Table of Contents
A few years ago, the Fisher Transform indicator appeared in the public domain, becoming a popular technical analysis indicator for online forex trading. The Fisher Transform indicator transfigures price into a Gaussian normal distribution. The indicator is easy to use and interpret, often used to help traders identify potential overbought and oversold market conditions. The Fisher Transform indicator was created by John Ehlers and often used for reversal trading strategies.
What is the Fisher Transform indicator?
The Fisher Transform indicator is a fairly simple histogram oscillator. It is not based on standard methods and builds its calculations on max / min prices for previous periods on the basis of the relationship between extrema and the current price.

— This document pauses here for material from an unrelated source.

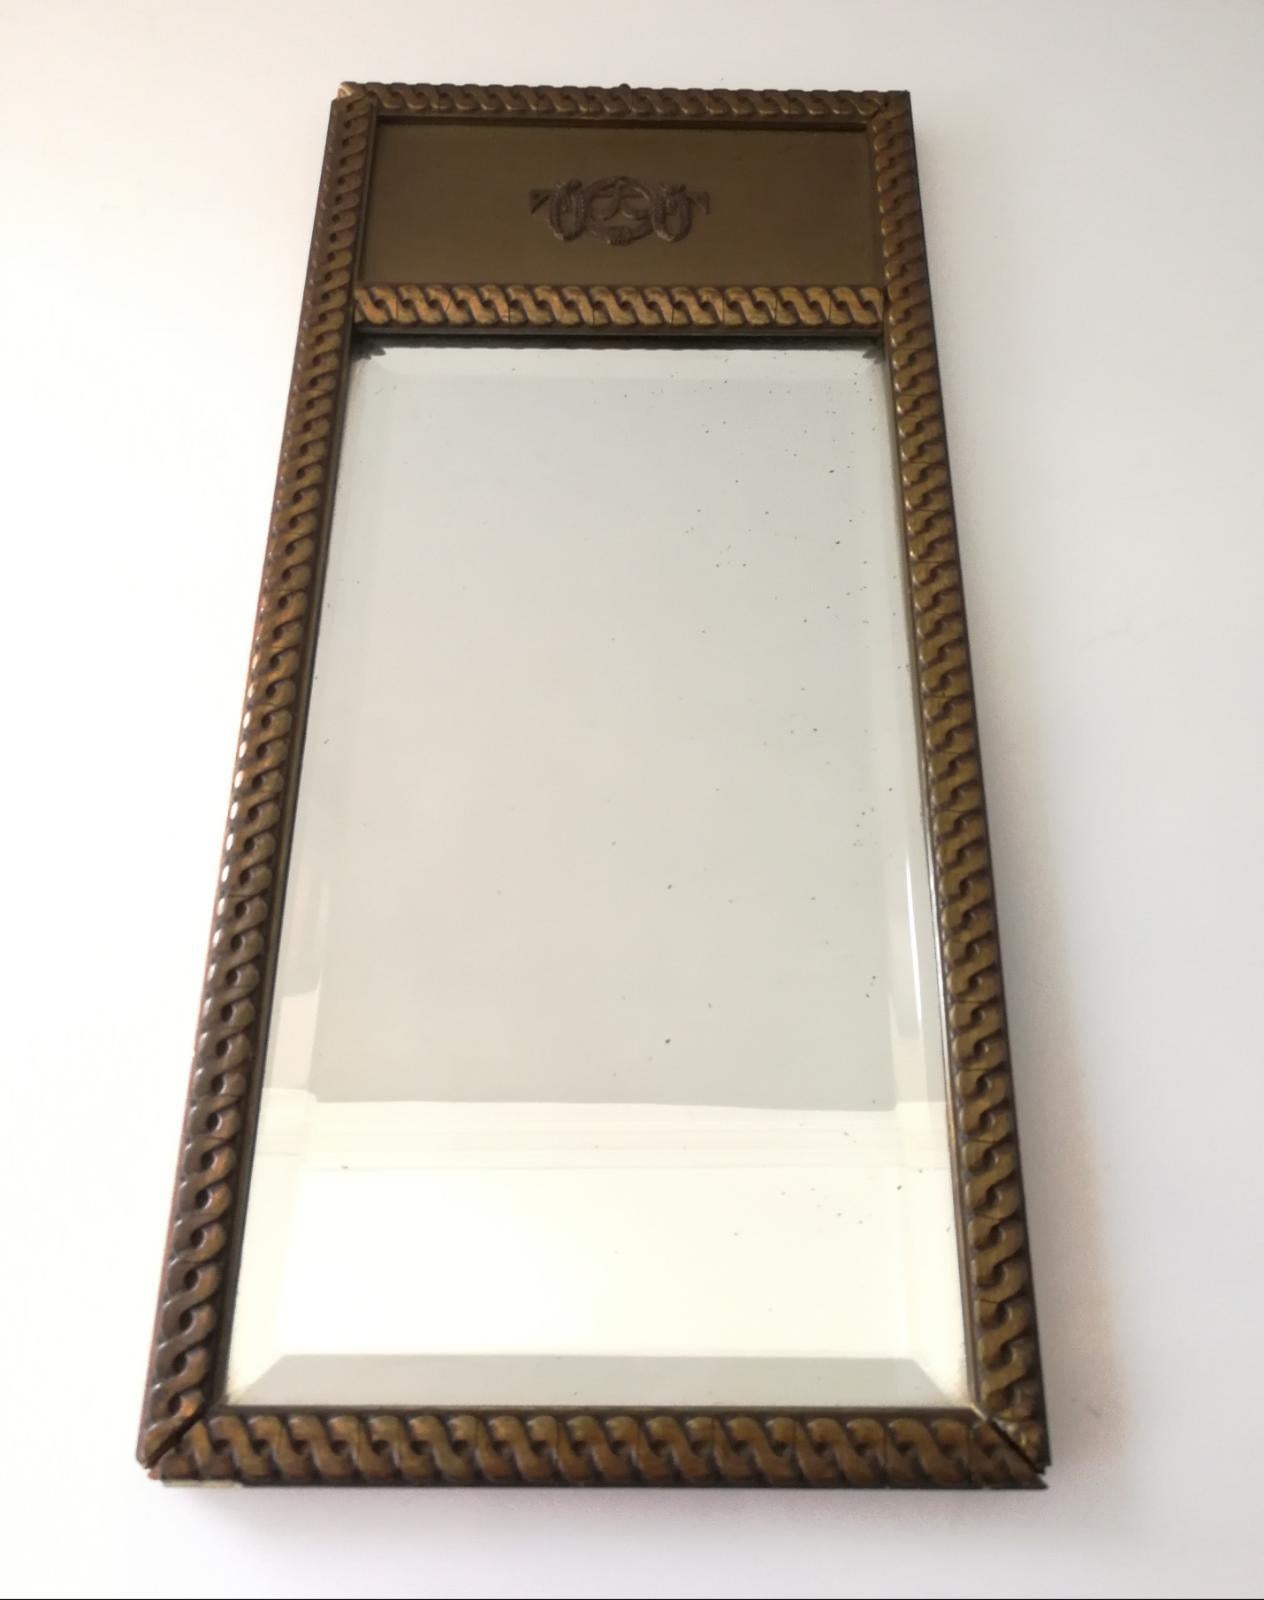 This elegant 1915 French mirror is a real gem. With its measurements of 36 cm x 17 cm, it is perfect for decorating any space with a touch of Classic and sophisticated style. Despite having a slightly open corner and a small mark on one side, this
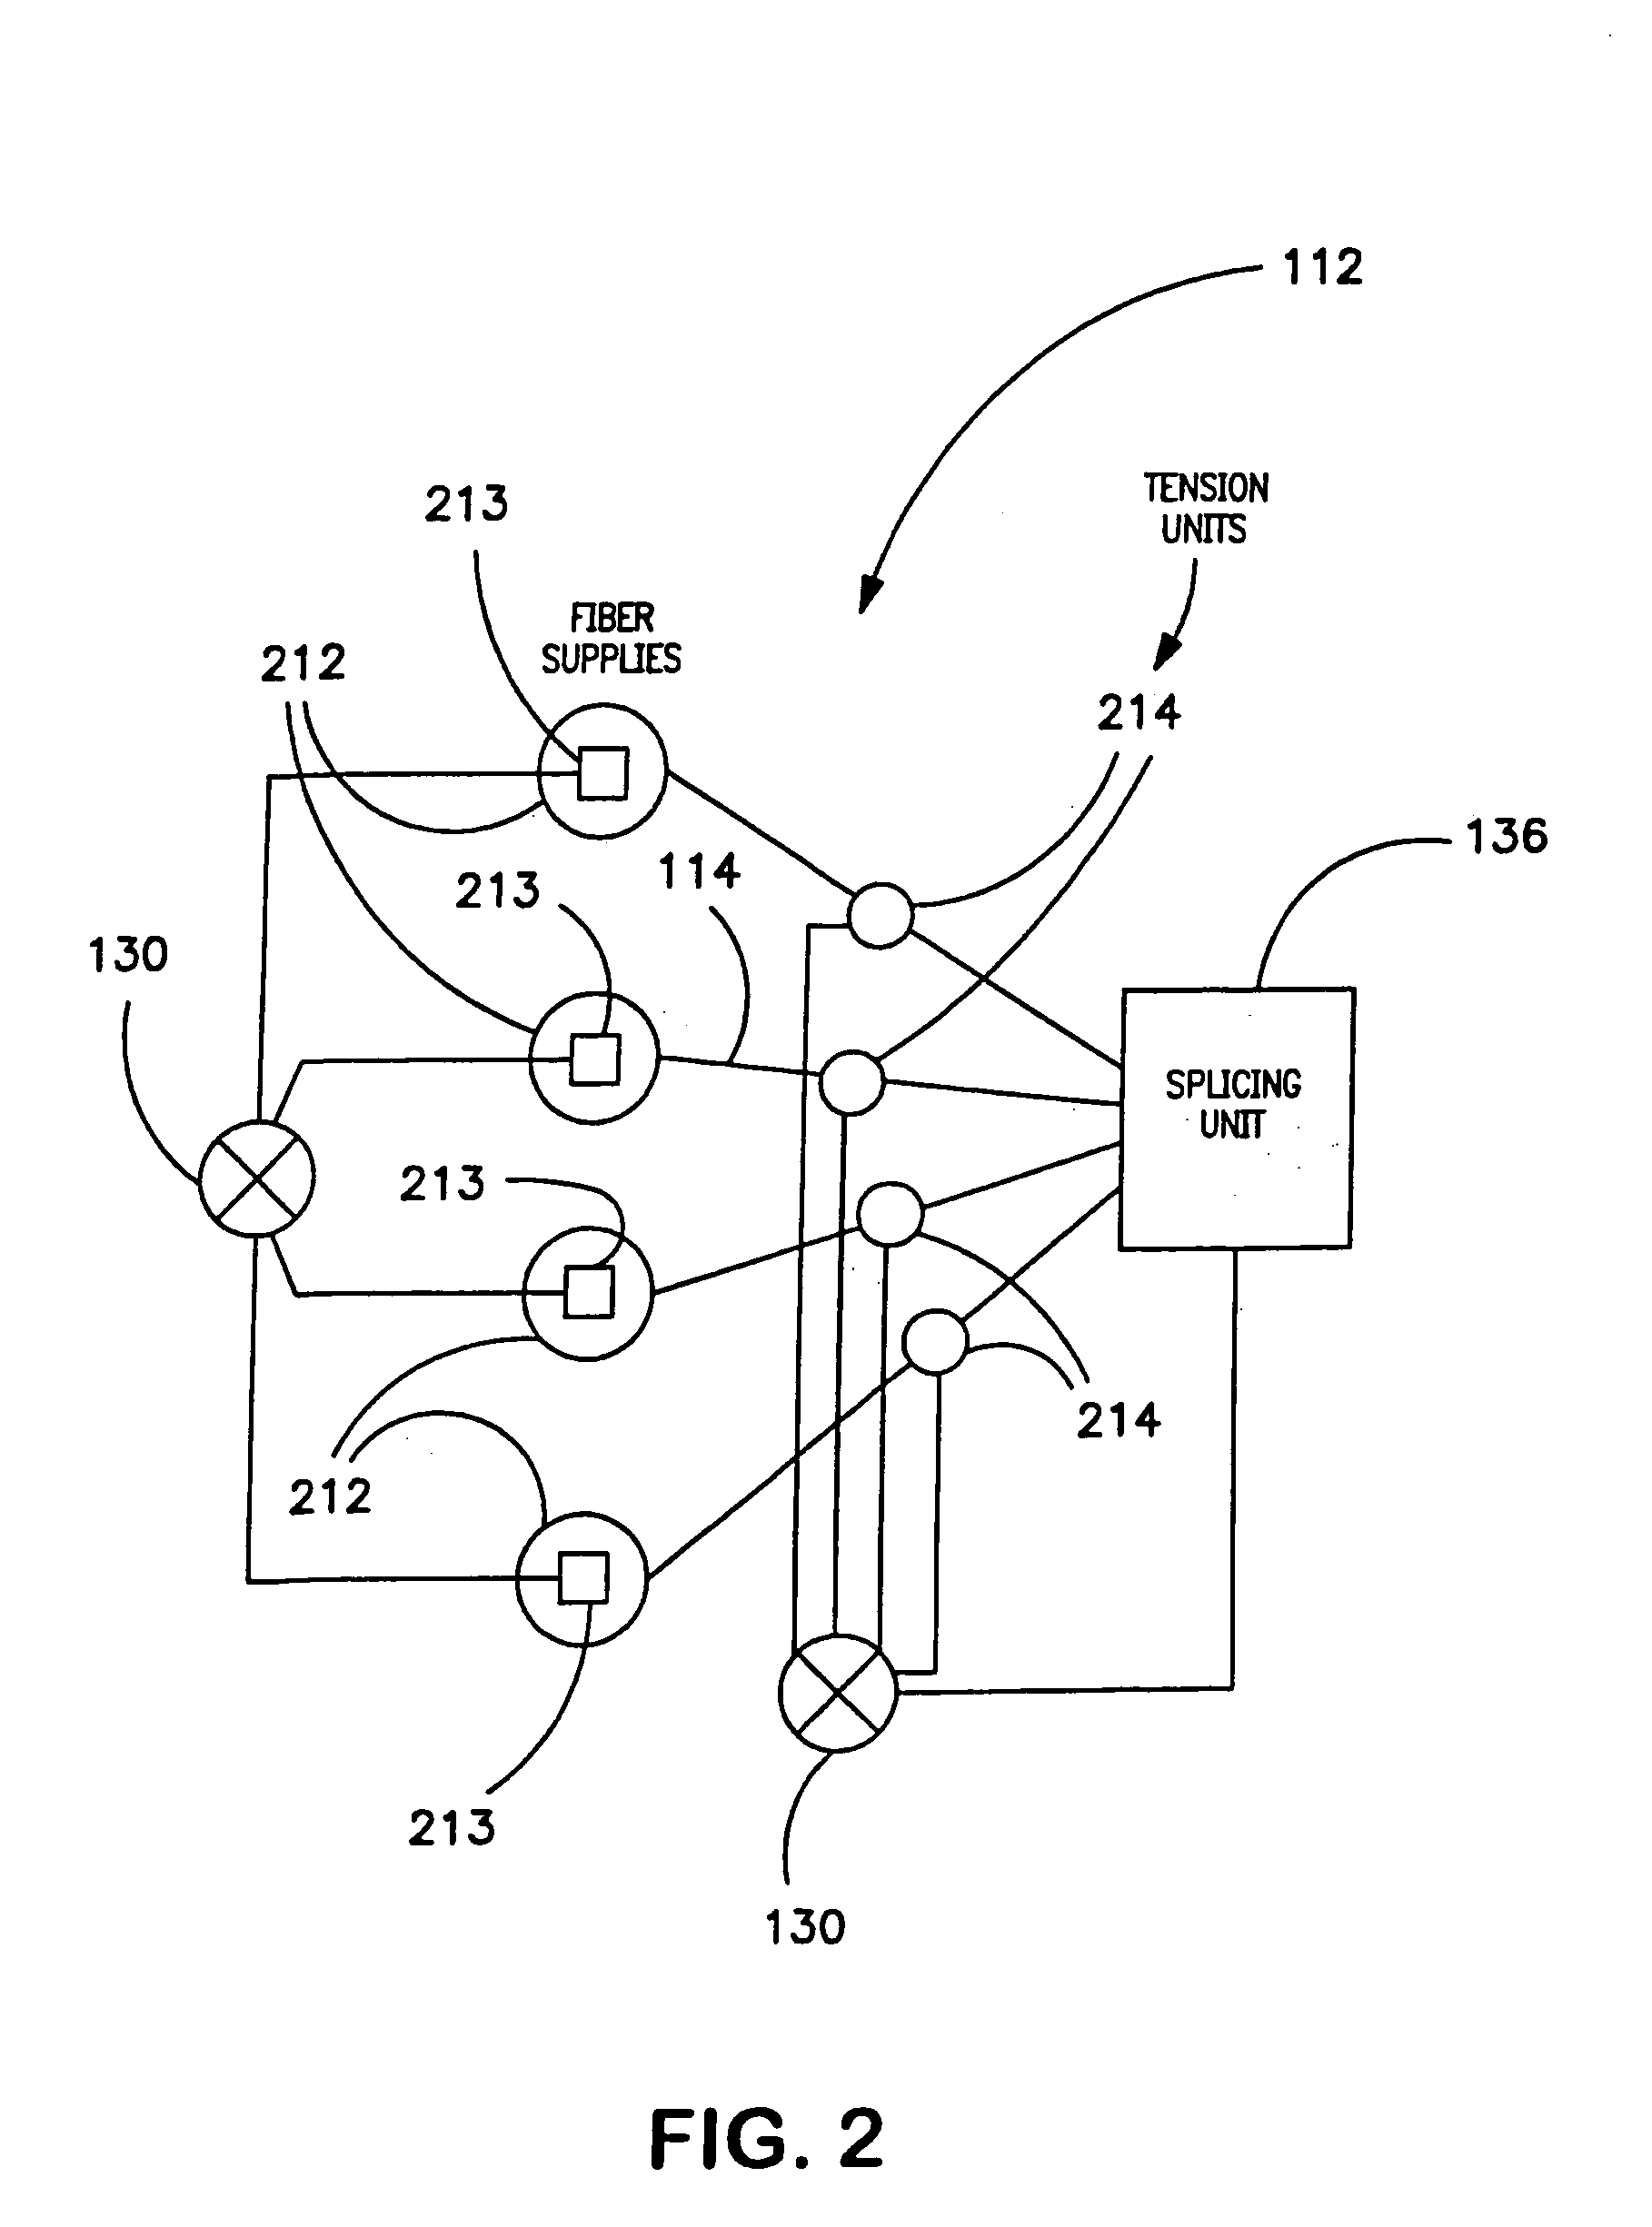 Apparatus and method for manufacture and use of composite fiber components

Depending on the direction, Fisher calculates for the previous time period the ratio of either highs (for a rising trend) or lows (for a falling trend) with the current price and, depending on this, recommends either buy or a sell trade.
Fisher Transform indicator installation and setup
The procedure is standard to attach the Fisher Transform indicator to your MetaTrader platform charts. You will first need to download the indicator as a single file with the *. ex4 (5) extension, which is then copied to … \ MetaTrader \ MQL4 (5) \ Indicators folder. After installation on the price chart, the indicator is located in an additional window. There are indicator versions for both the MT4 and MT5 platforms.
How to use the Fisher Transform indicator?
The signals from the Fisher Transform indicator are simple to use. We evaluate the direction of the trend by the color, blue meaning bullish and red meaning bearish. The strength of the trend is determined by the size of the column.
A red bar of the histogram appears we could look to open sell trades whereas a green histogram could signal buy trading opportunities. When changing colors from red to green (or vice versa), we may look to exit positions.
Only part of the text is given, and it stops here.